Collected material section start

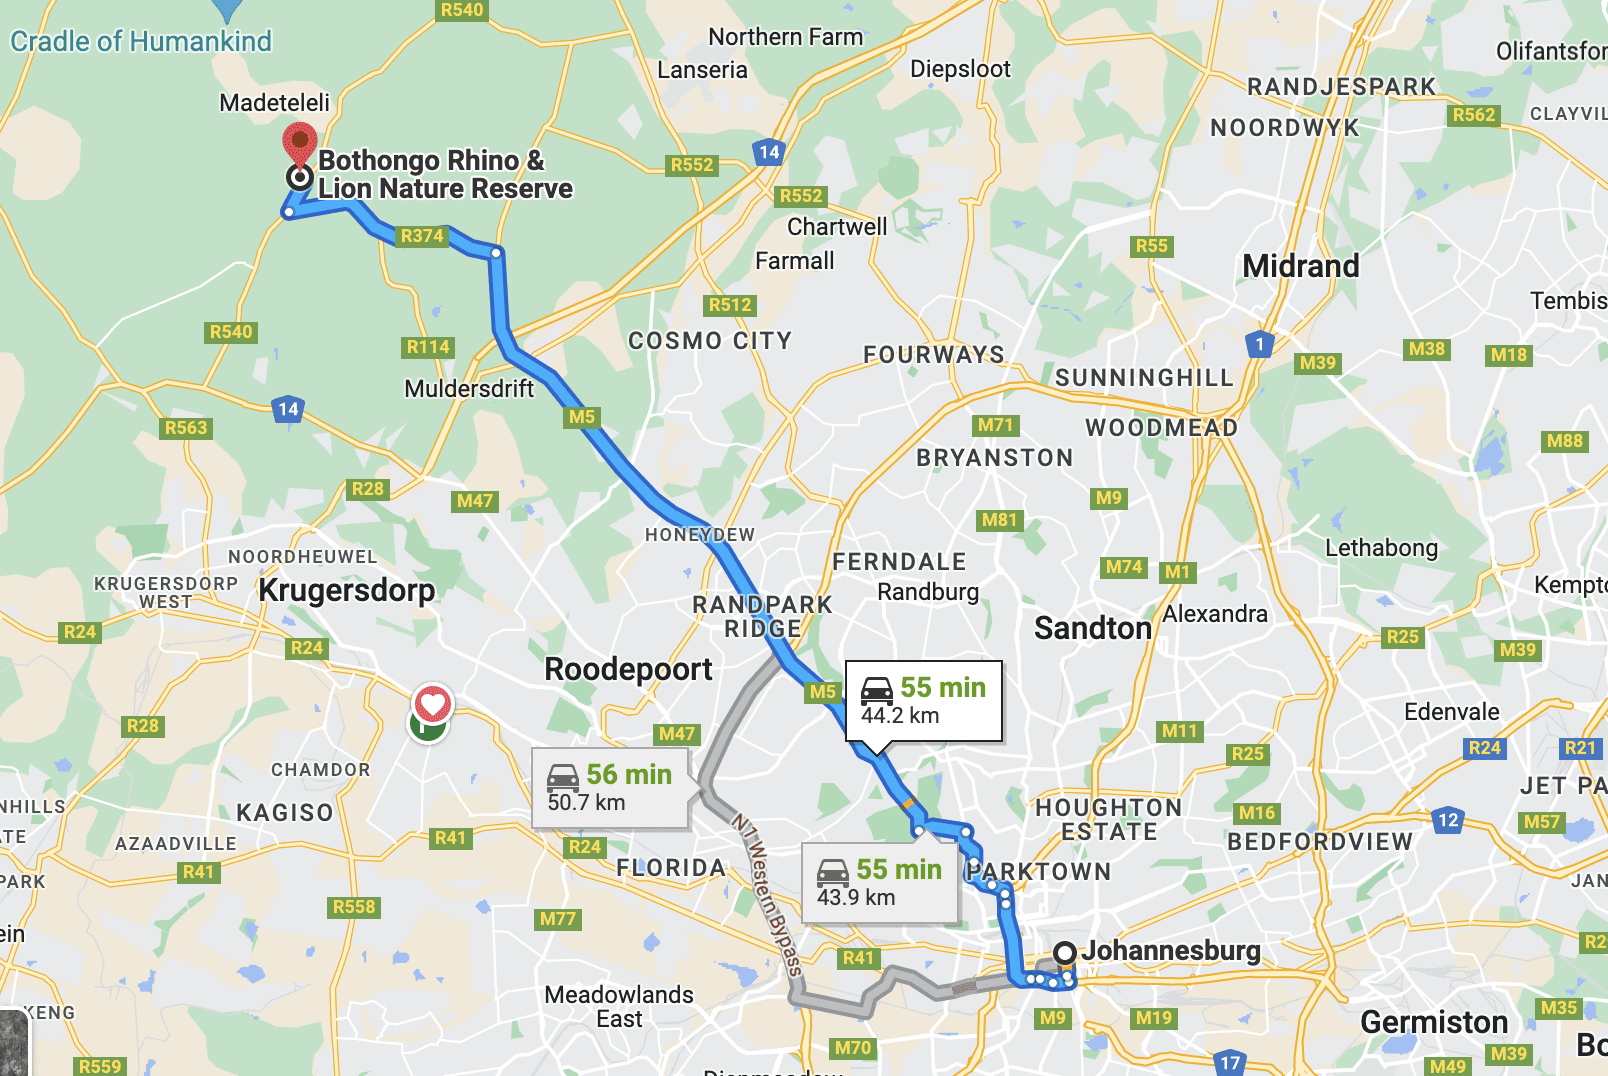 Google maps showing directions from Johannesburg to Bothongo rhino and lion nature Reserve
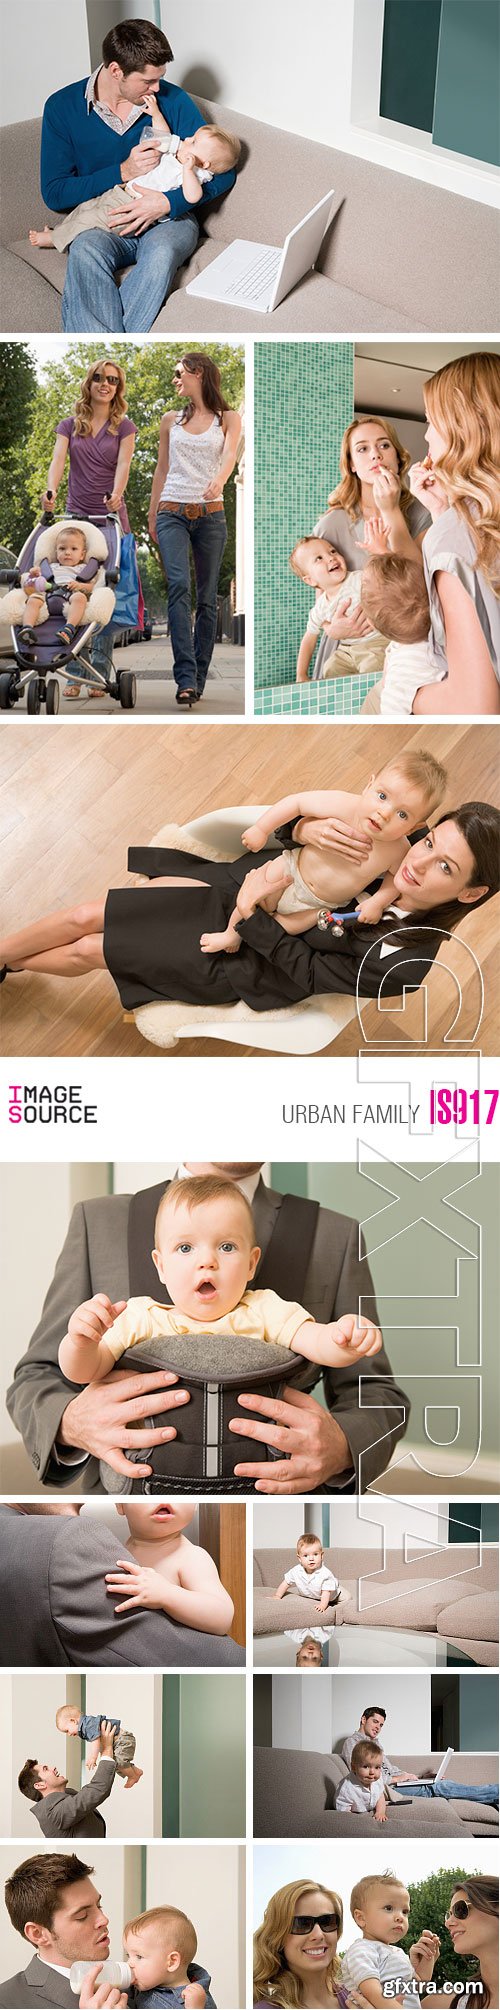 Image Source IS917 Urban Family
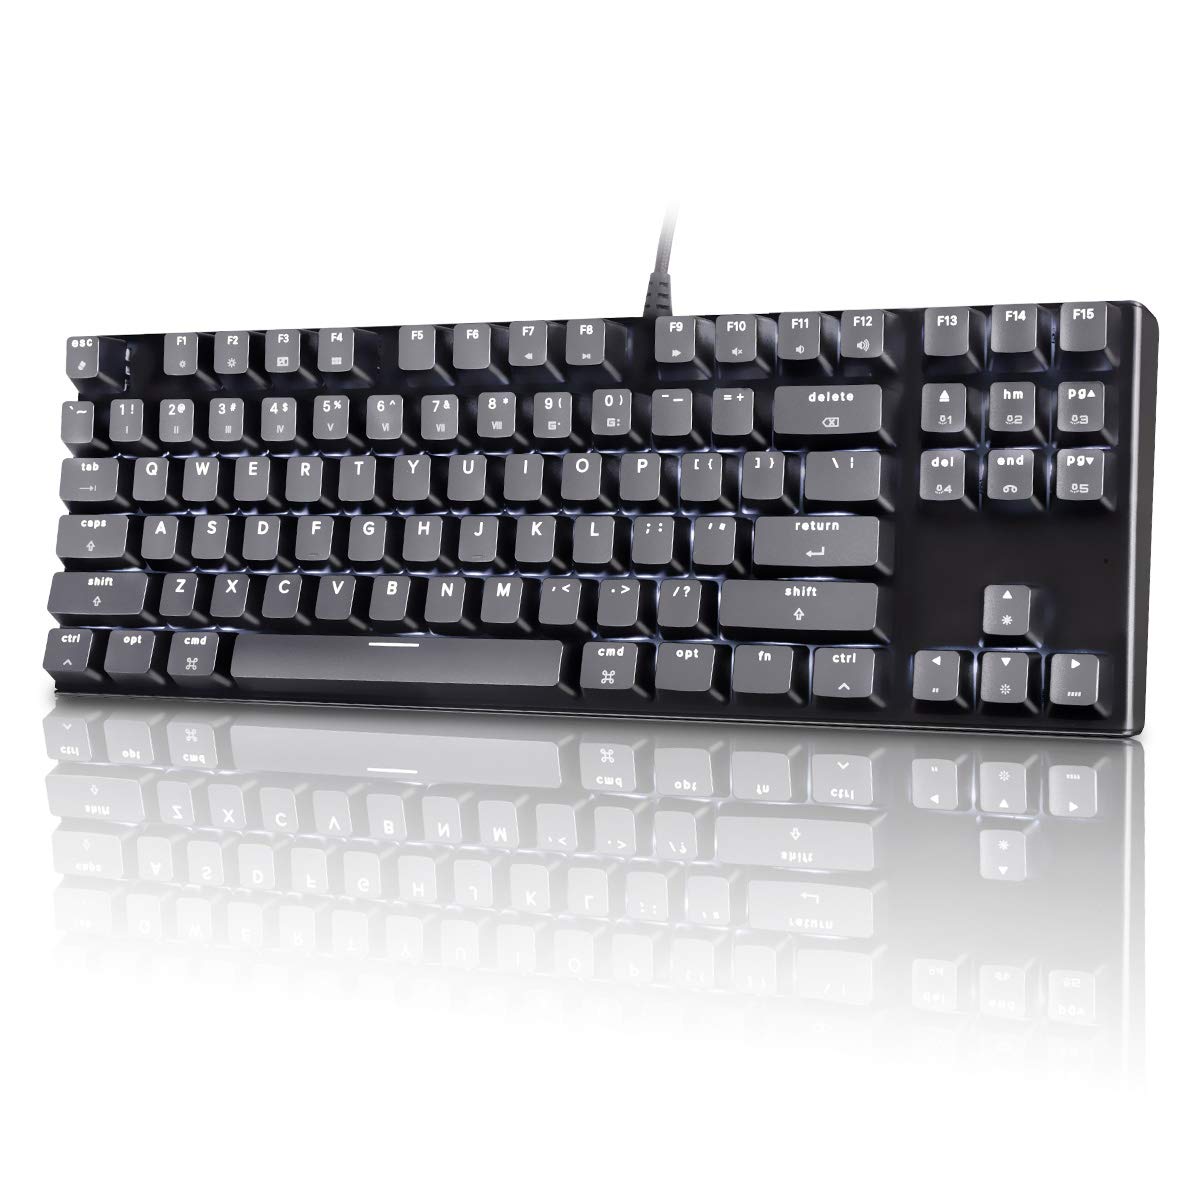 87-Key Velocifire M87 Mac Layout Wired Mechanical Keyboard w/ White LED Backlight (Tactile Brown Switches)​ $30 + Free Shipping

Collected material section end

• What the task asks
Except for the pictures, give the data again word for word.

• Completed exercise
 Google maps showing directions from Johannesburg to Bothongo rhino and lion nature Reserve
 Image Source IS917 Urban Family
 87-Key Velocifire M87 Mac Layout Wired Mechanical Keyboard w/ White LED Backlight (Tactile Brown Switches)​ $30 + Free Shipping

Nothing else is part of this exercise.